> [Problem to solve]:
This task calls for the lines below starting at the one containing "Die Sklavin Foto" and ending at the one containing "Bandeira nacional autografada por José Fonte", repeated exactly with both ends kept and pictures left out.

> [Exercise data]:
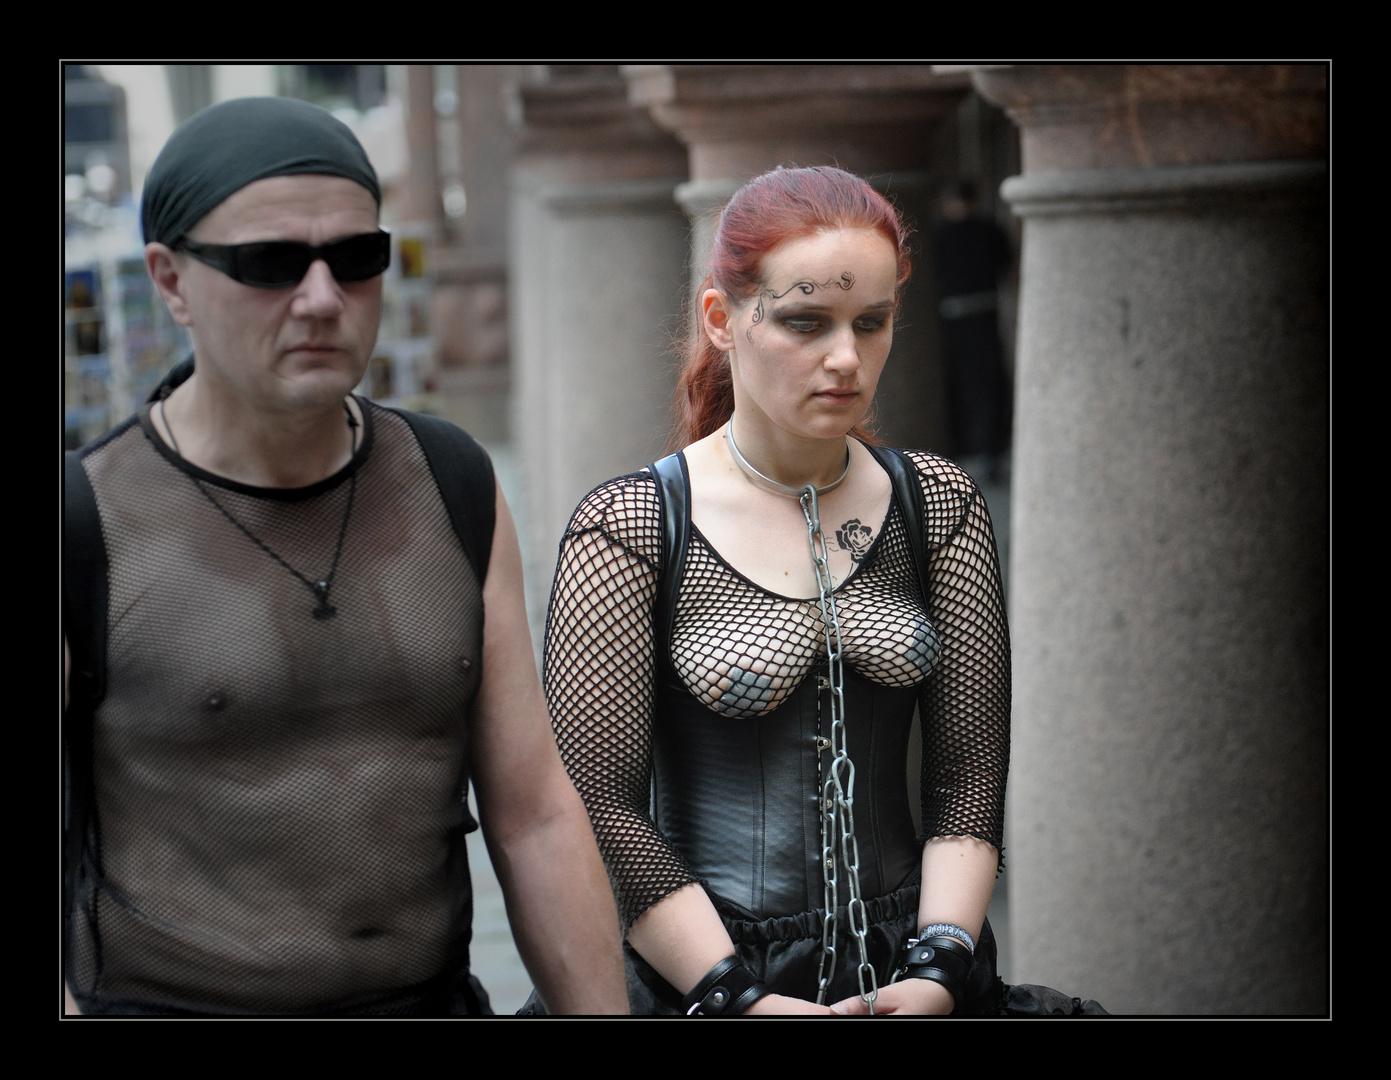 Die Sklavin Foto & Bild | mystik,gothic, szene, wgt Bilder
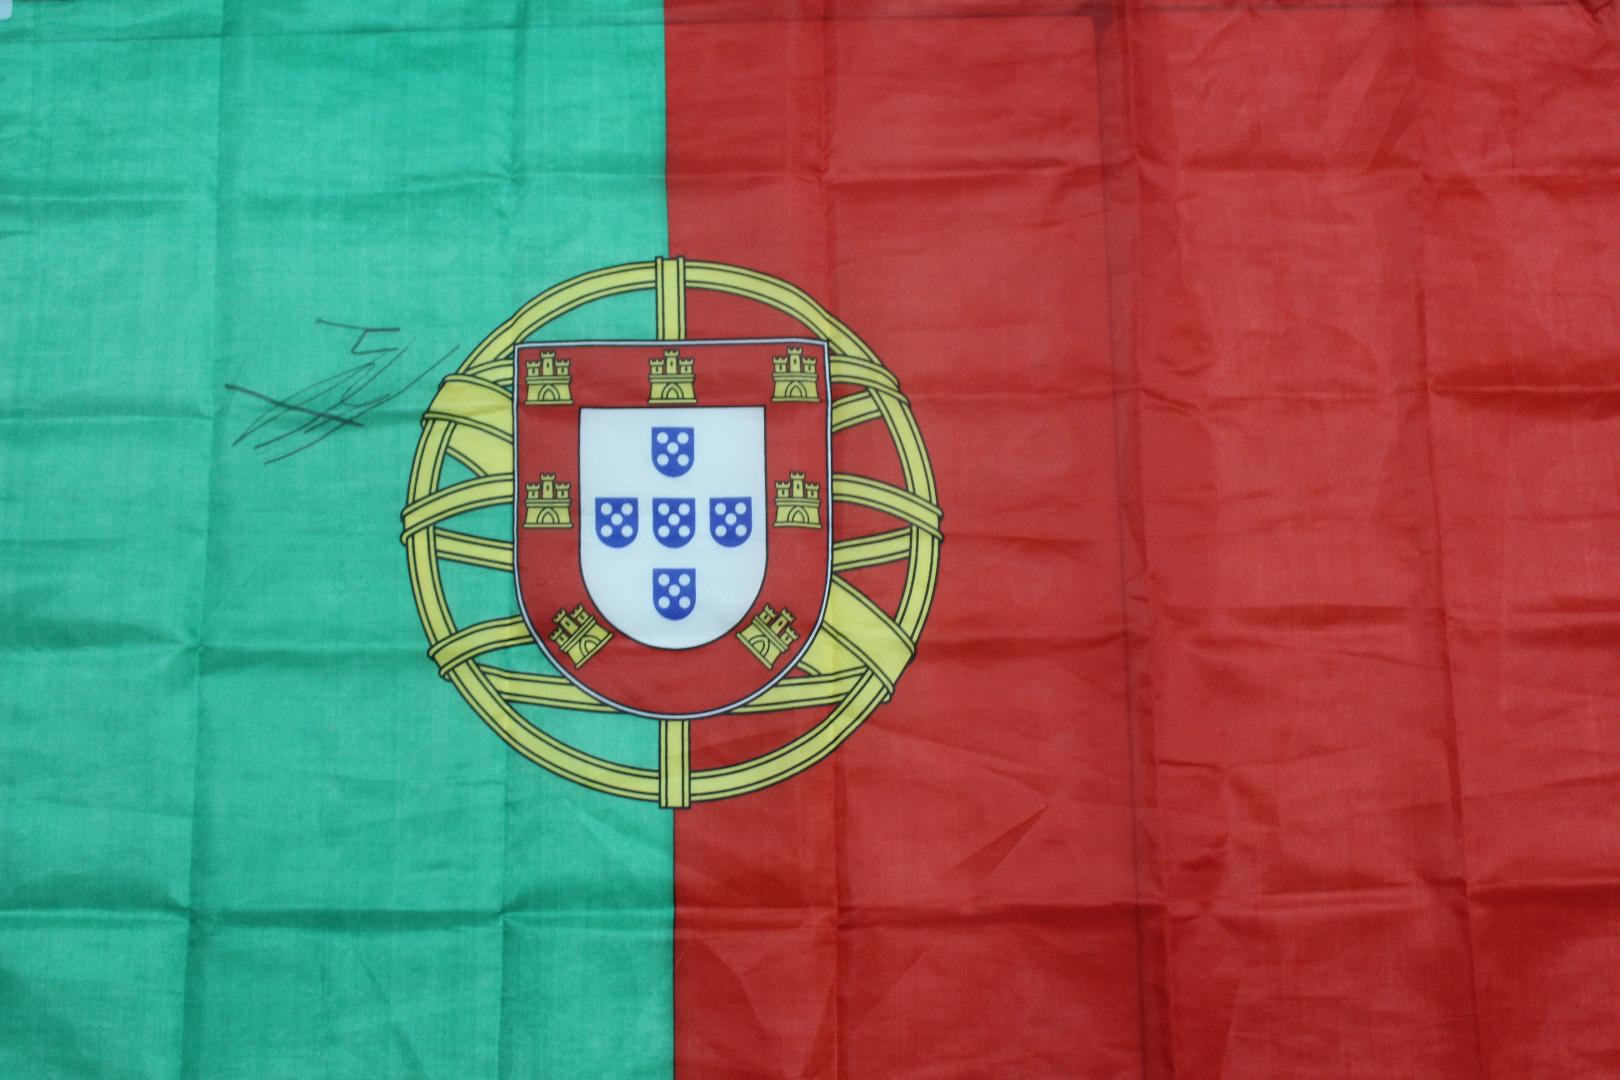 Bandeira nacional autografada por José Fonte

--

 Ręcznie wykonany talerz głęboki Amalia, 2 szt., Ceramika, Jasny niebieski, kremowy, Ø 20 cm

...

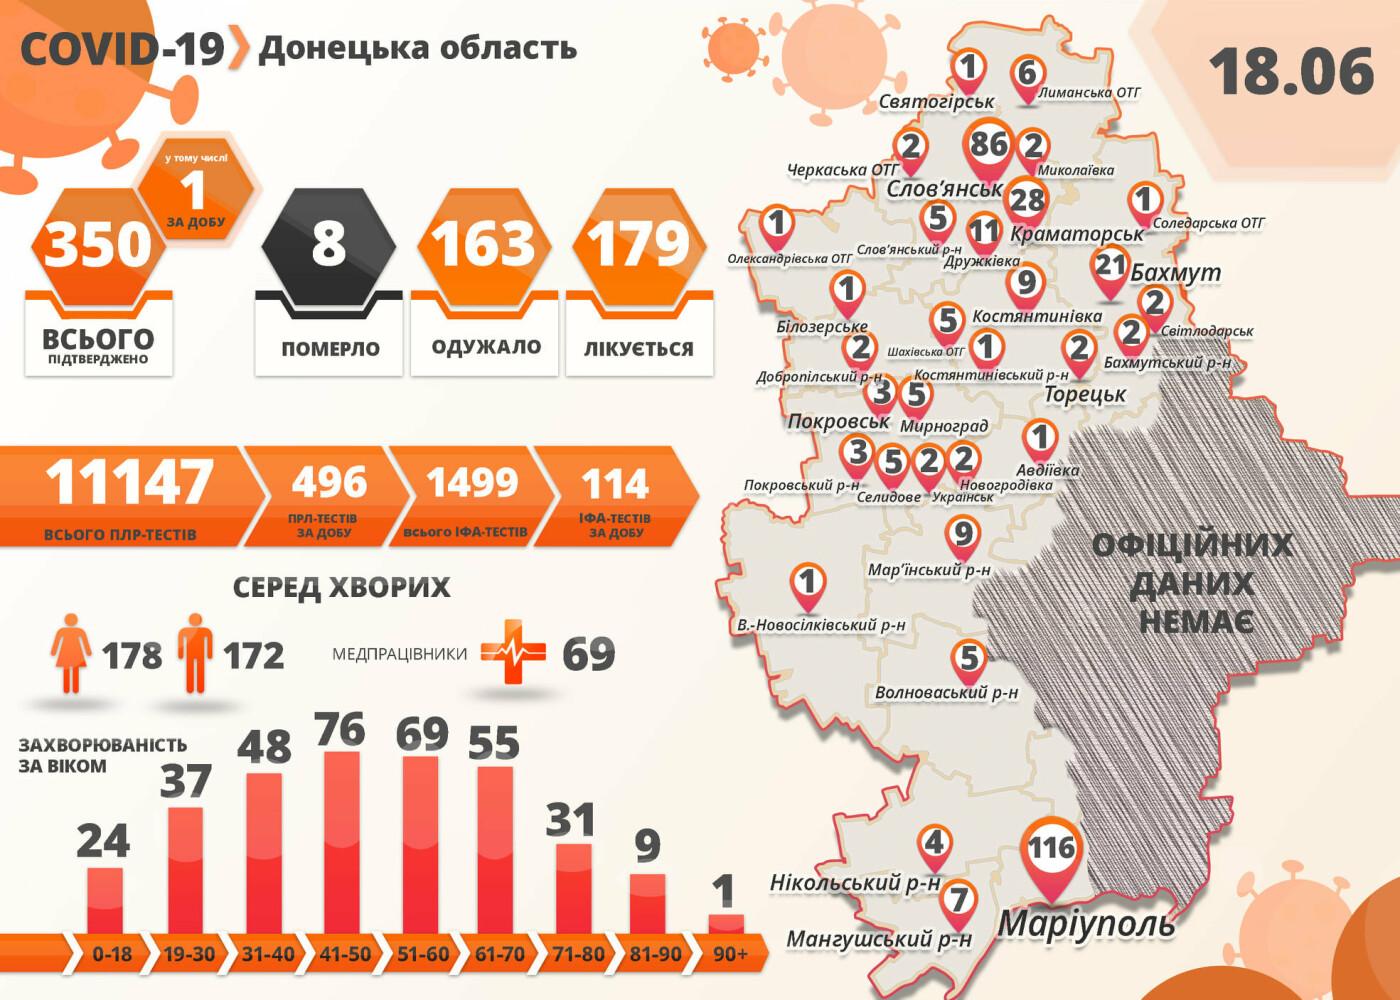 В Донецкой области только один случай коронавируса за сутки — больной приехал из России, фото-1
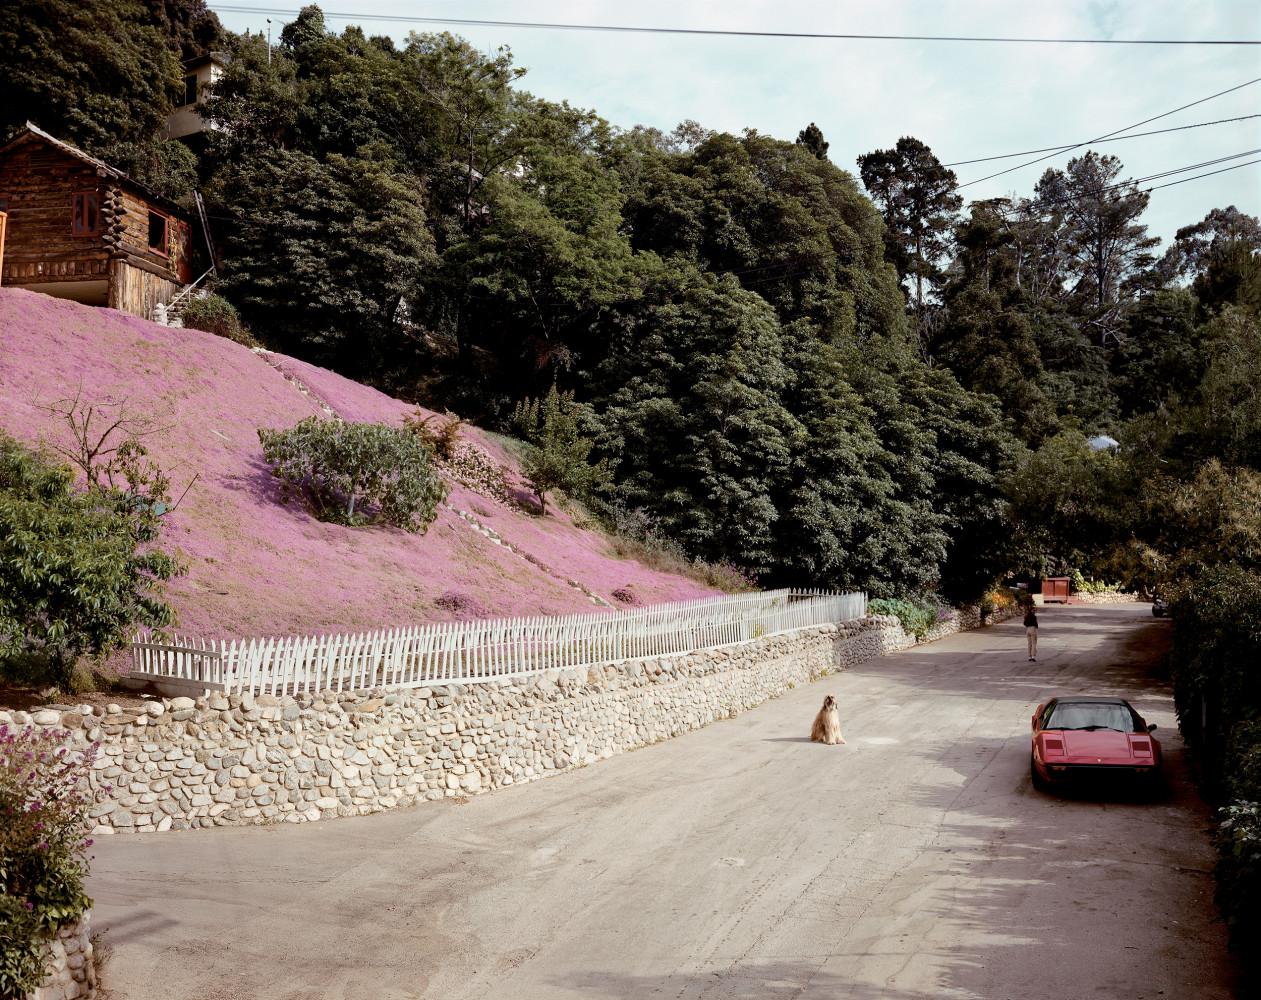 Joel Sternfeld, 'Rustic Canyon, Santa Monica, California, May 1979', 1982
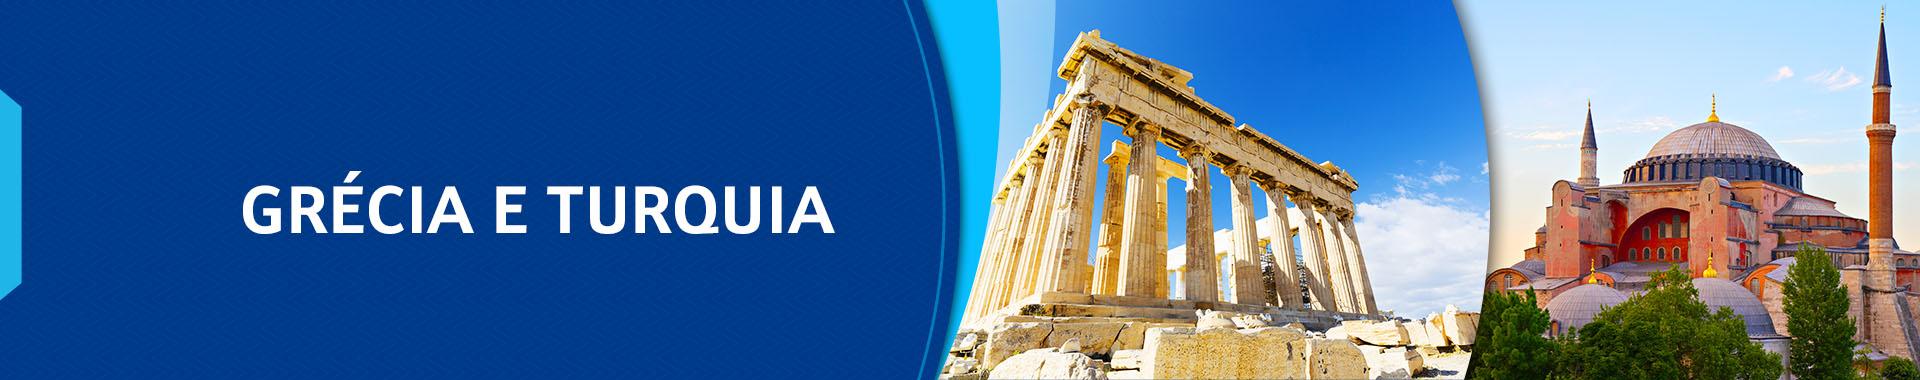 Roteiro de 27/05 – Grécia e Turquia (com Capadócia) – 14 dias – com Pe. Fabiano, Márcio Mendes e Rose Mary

> [Answer section]:
 Die Sklavin Foto & Bild | mystik,gothic, szene, wgt Bilder
 Bandeira nacional autografada por José Fonte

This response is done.